- [PROBLEM REQUIREMENTS]:
Would you transcribe only the lines below, from the one containing "a58e5460ae88 Dalmatian Cartoon" through the end of the material, exactly and with no pictures?

- [STORED DATA]:
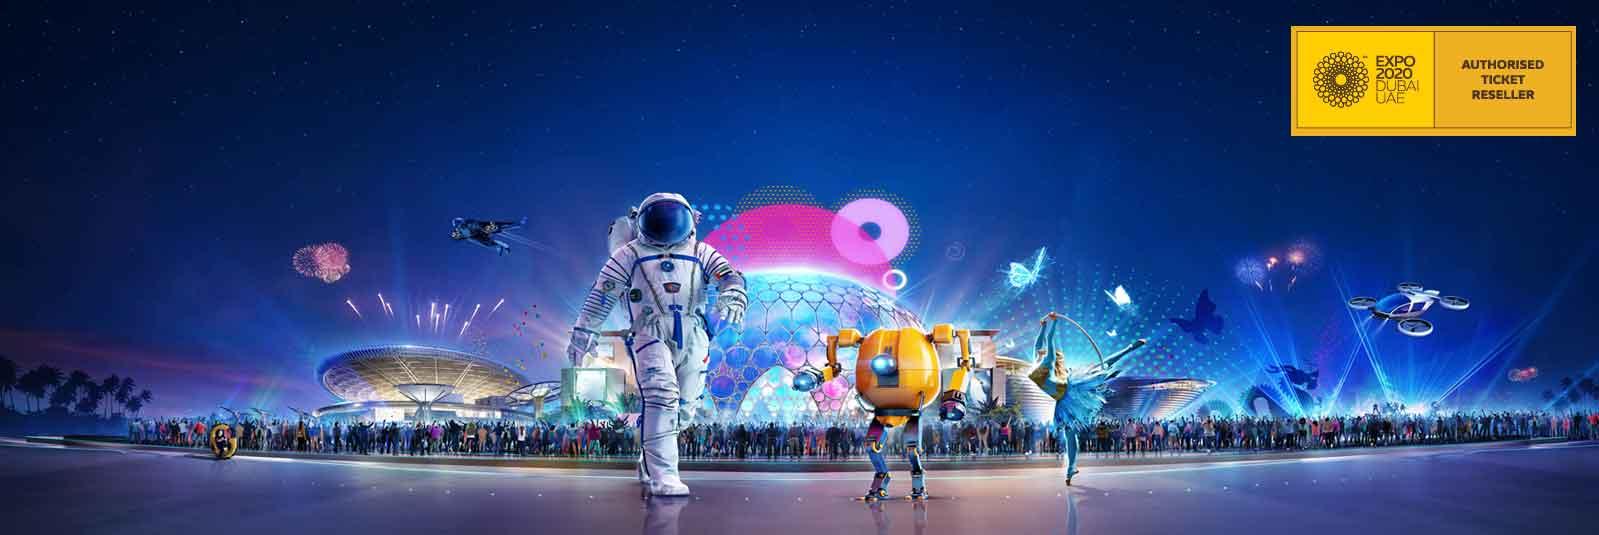 Dubai-Expo-2020-Ticket-Buy-Online
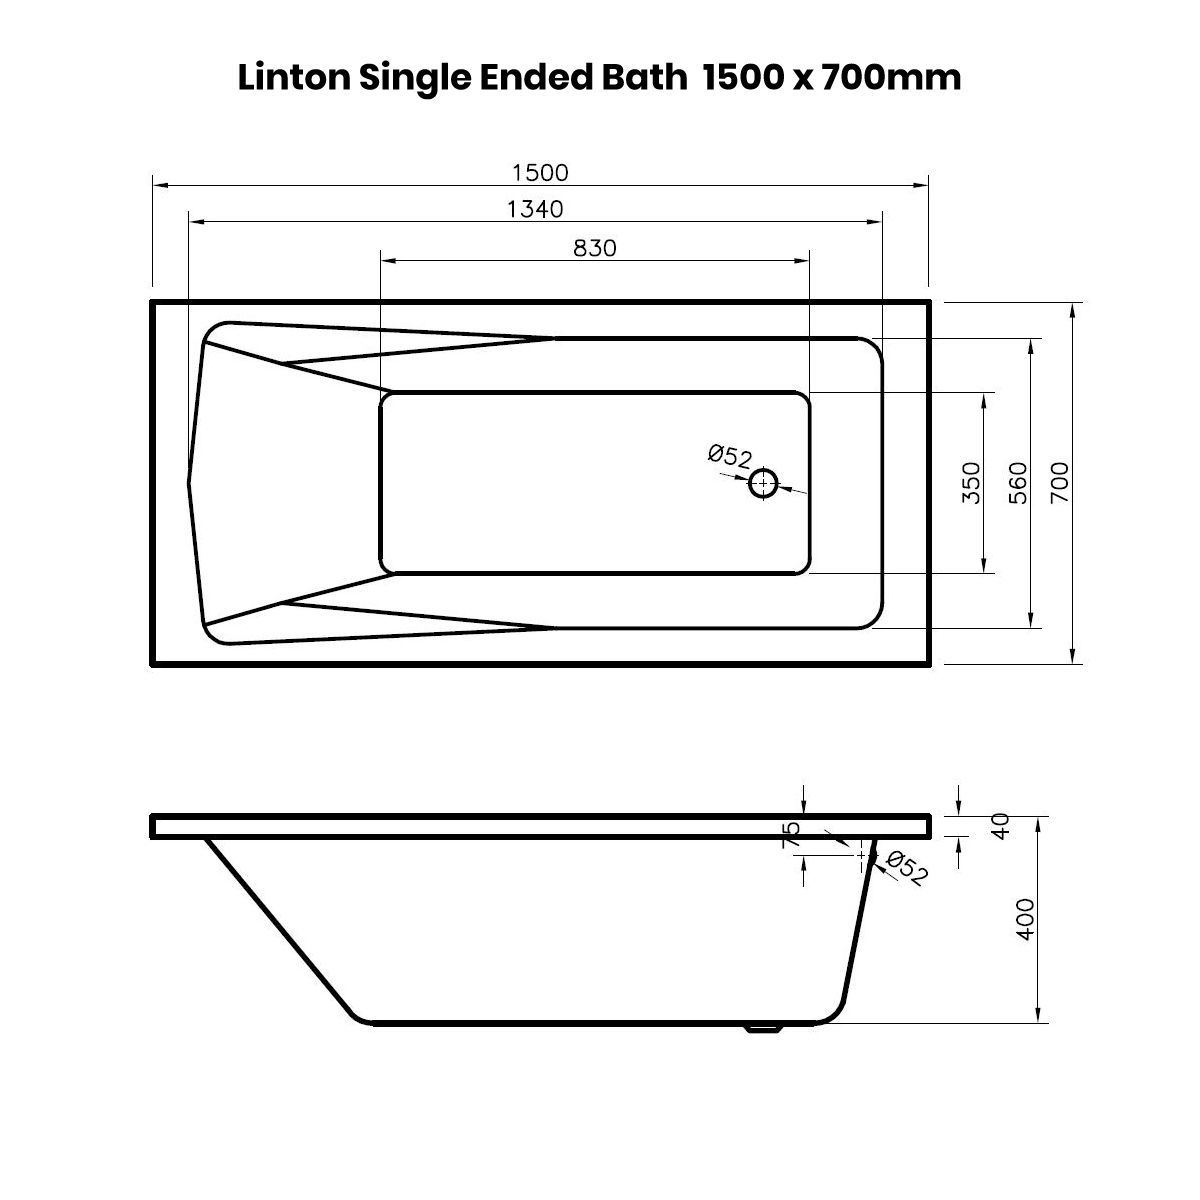 Premier Linton Single Ended Bath 1500 x 700mm Dimensions
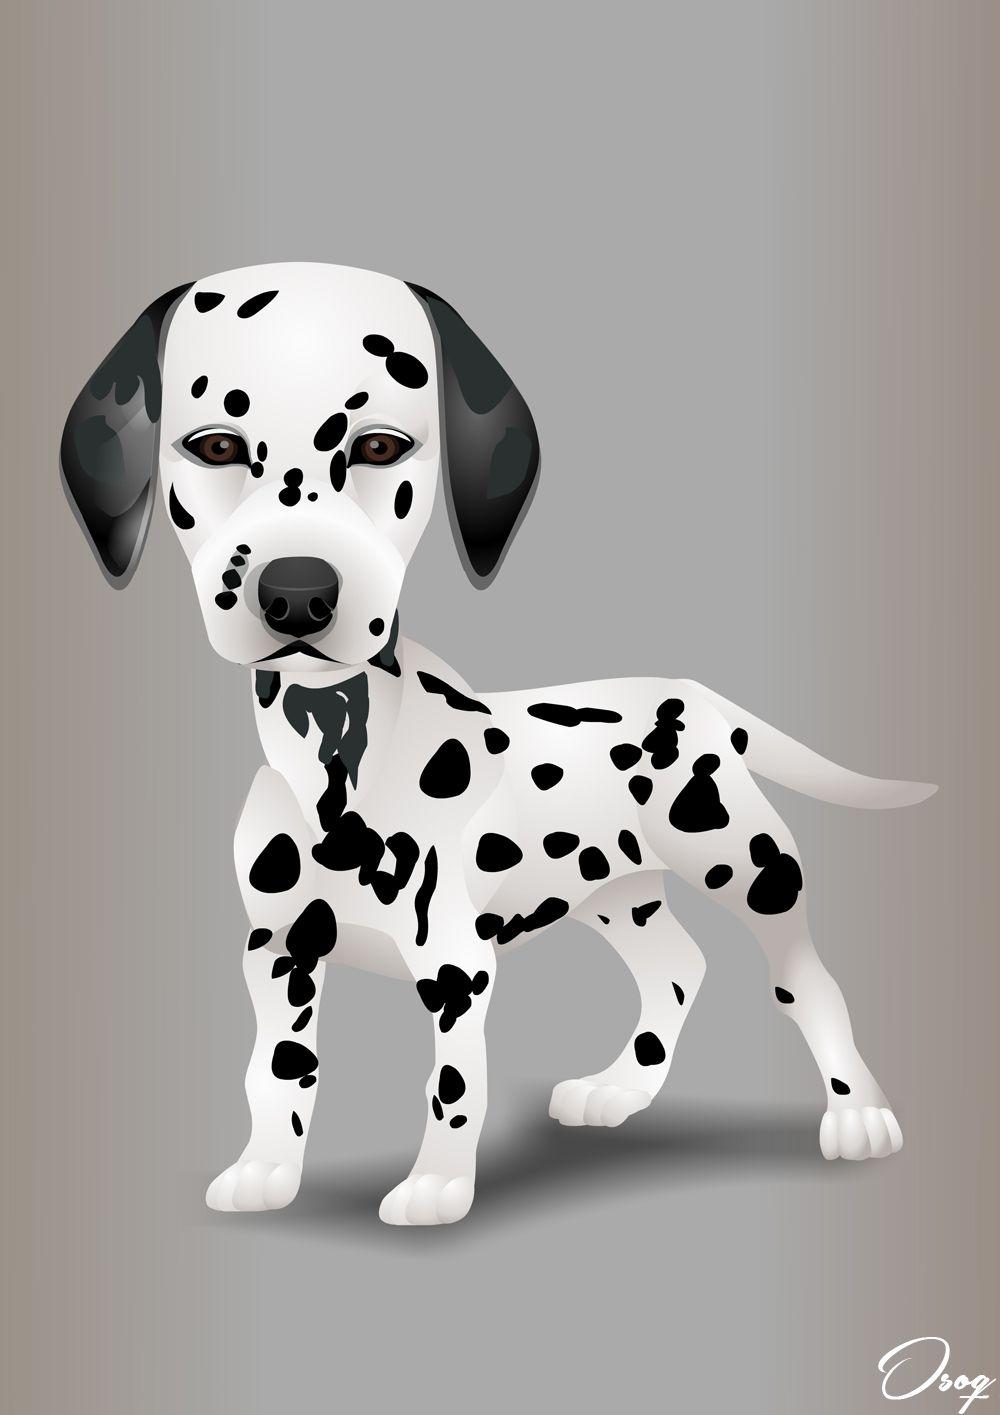 a58e5460ae88 Dalmatian Cartoon Caricature Dalmatian, Caricature, How To Draw Hands,  Snoopy, Dalmatians,
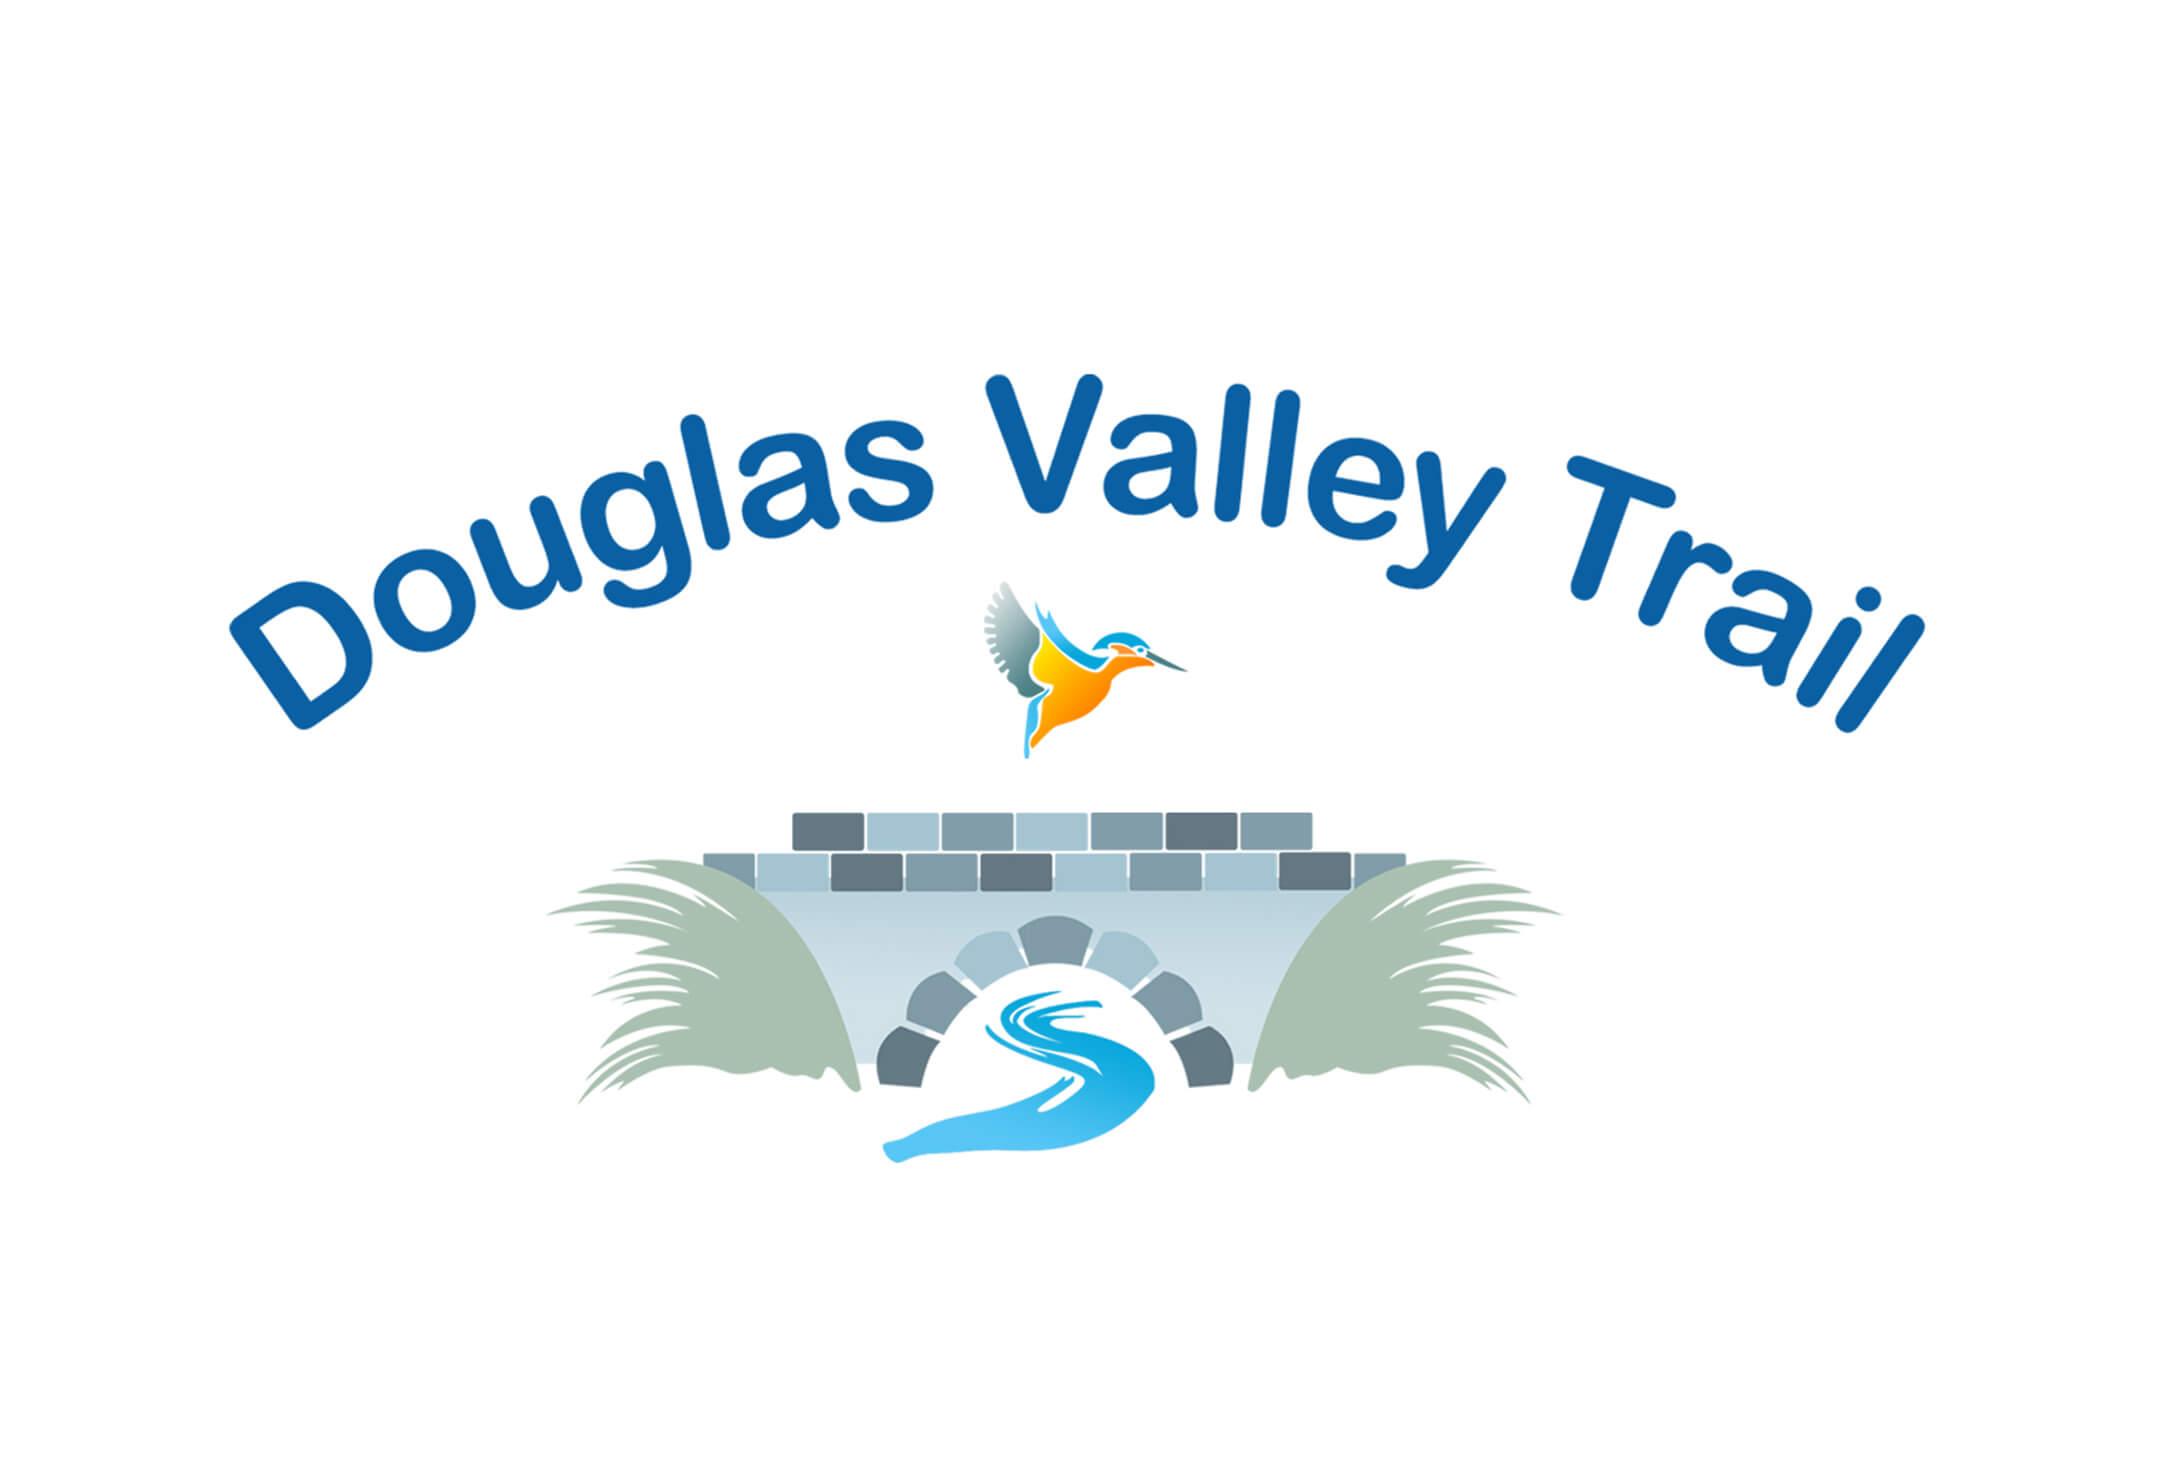 Douglad Valley Trail

- [TASK OUTPUT]:
 a58e5460ae88 Dalmatian Cartoon Caricature Dalmatian, Caricature, How To Draw Hands,  Snoopy, Dalmatians,
 Douglad Valley Trail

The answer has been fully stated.